▸ DATA SEGMENT:
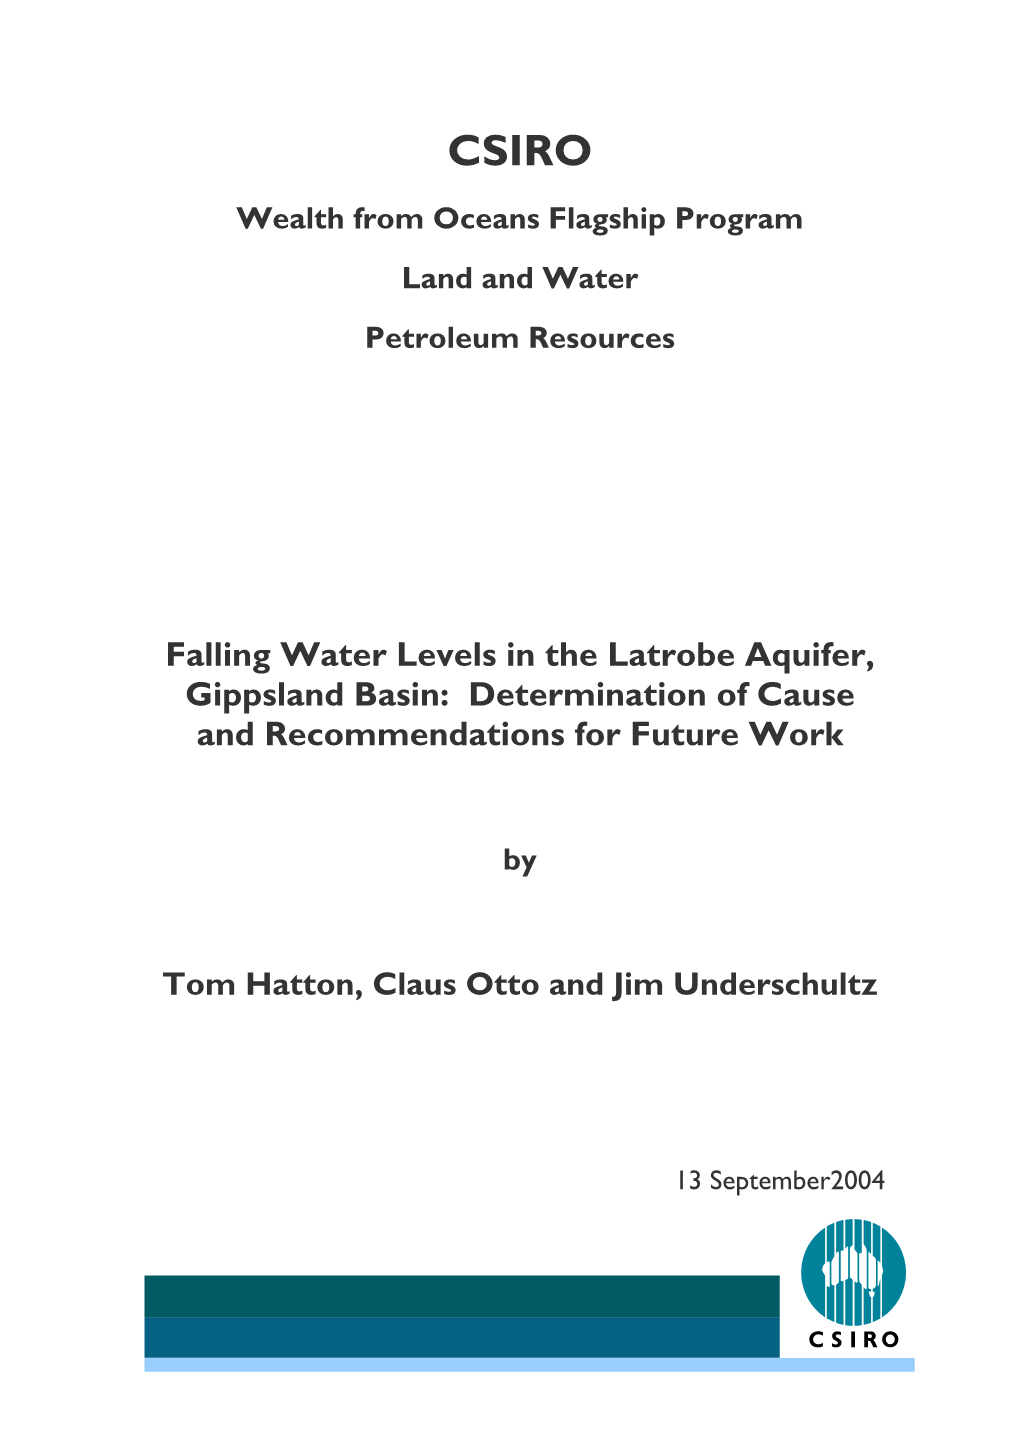 Falling Water Levels in the Latrobe Aquifer, Gippsland Basin: Determination of Cause and Recommendations for Future Work
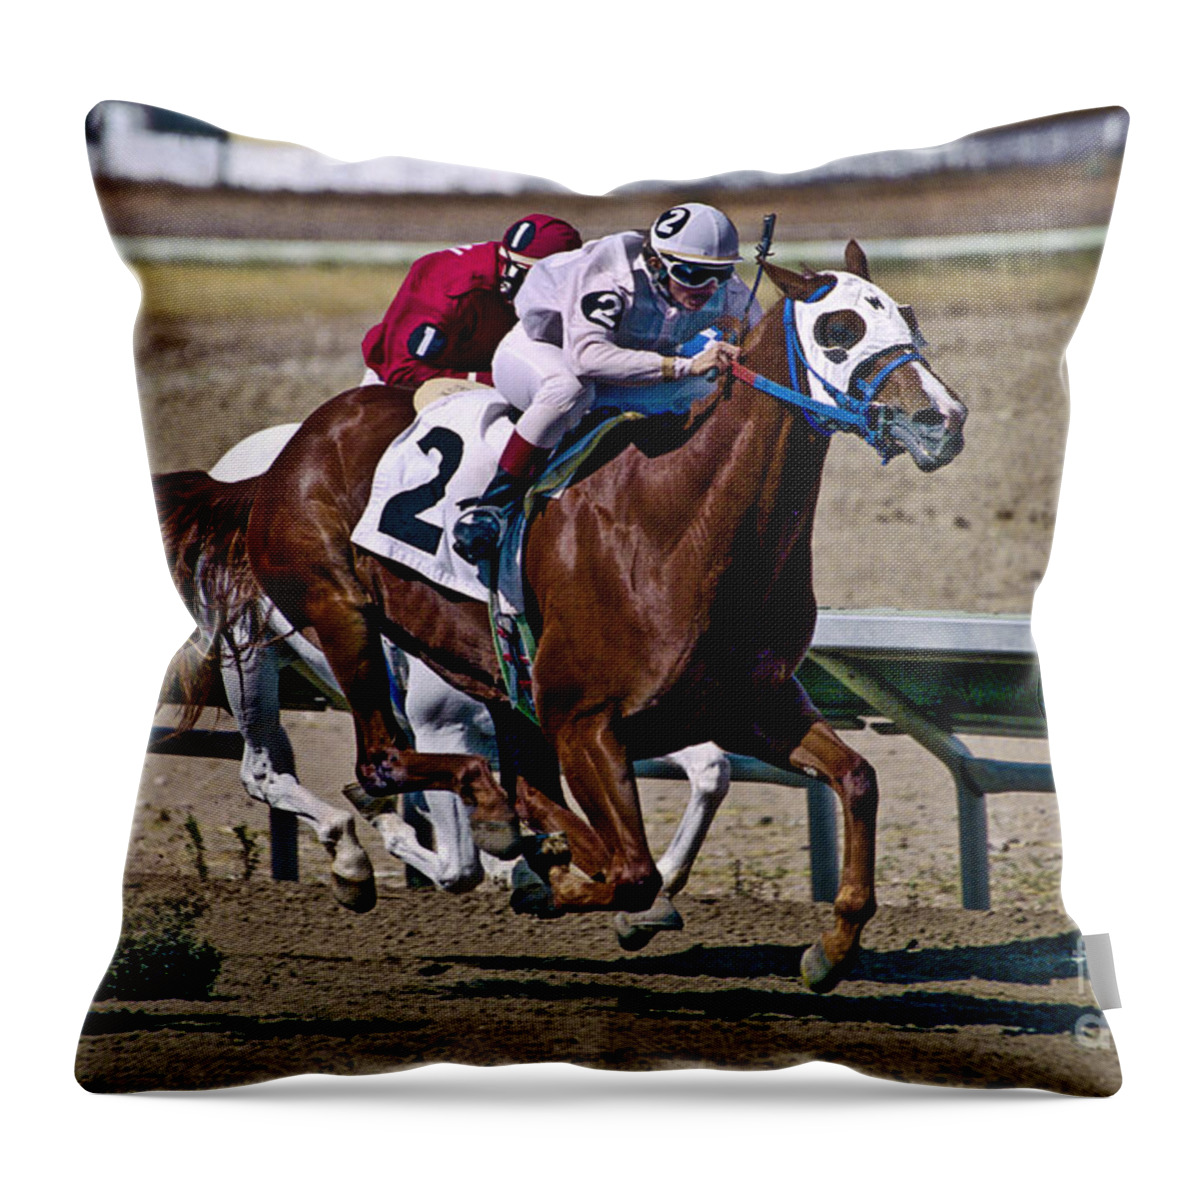 Racing Throw Pillow featuring the photograph Flying Hooves by Kathy McClure
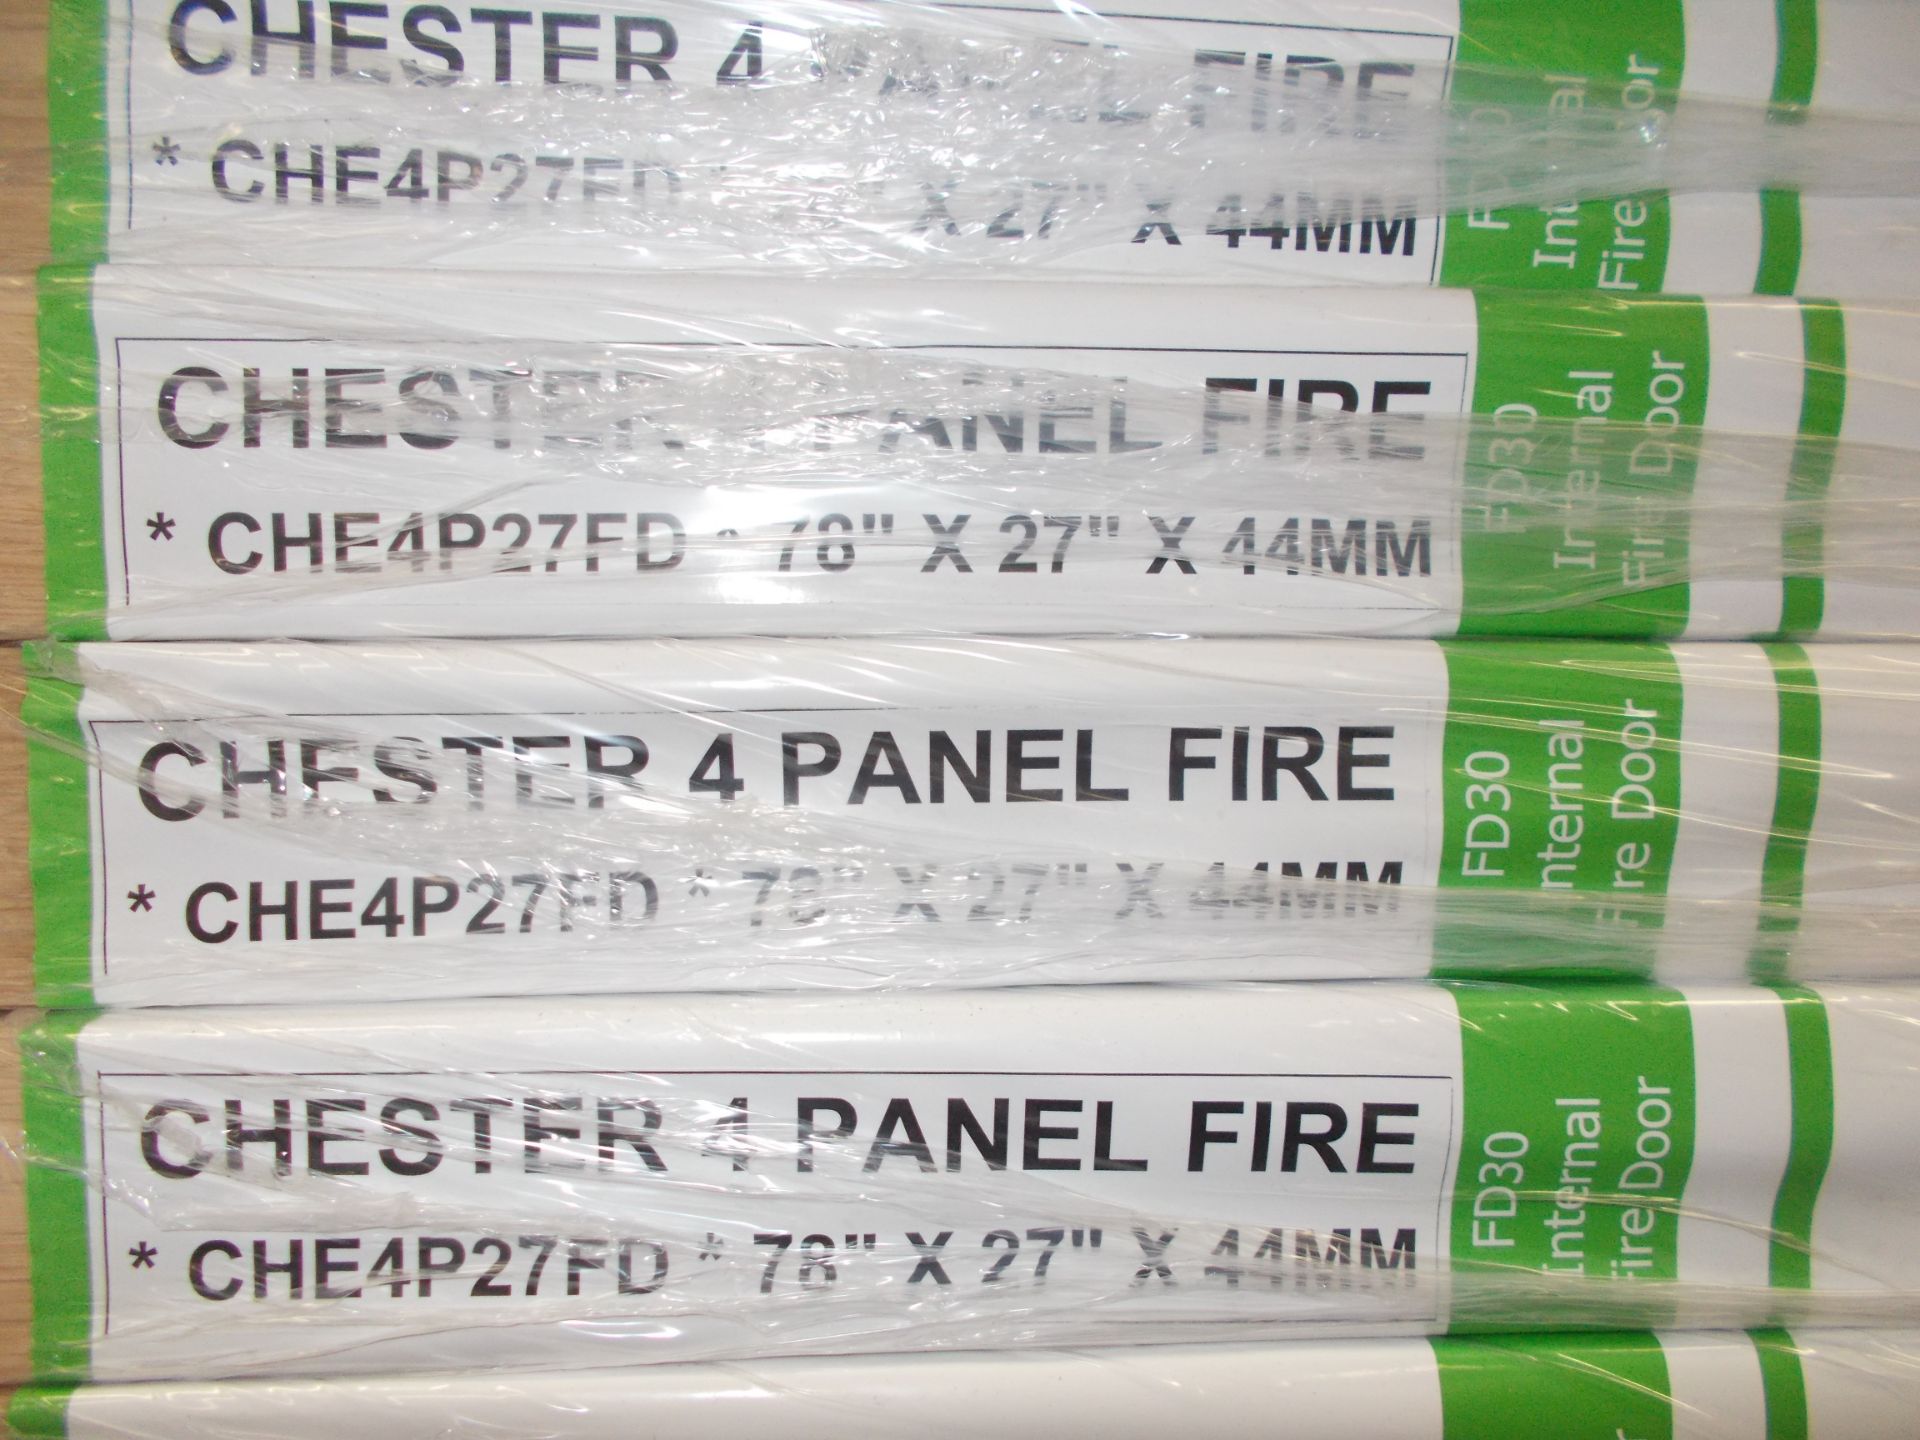 4 x Chester 4 Panel Internal Fire Door CHE4P27FD, 78”x27”x44mm - Lots to be handed out in order they - Image 3 of 3

▸ EXERCISE DETAILS: Repeat the listing above word for word, omitting the pictures.

▸ EXERCISE OUTPUT:
 Falling Water Levels in the Latrobe Aquifer, Gippsland Basin: Determination of Cause and Recommendations for Future Work
 Racing Throw Pillow featuring the photograph Flying Hooves by Kathy McClure
 4 x Chester 4 Panel Internal Fire Door CHE4P27FD, 78”x27”x44mm - Lots to be handed out in order they - Image 3 of 3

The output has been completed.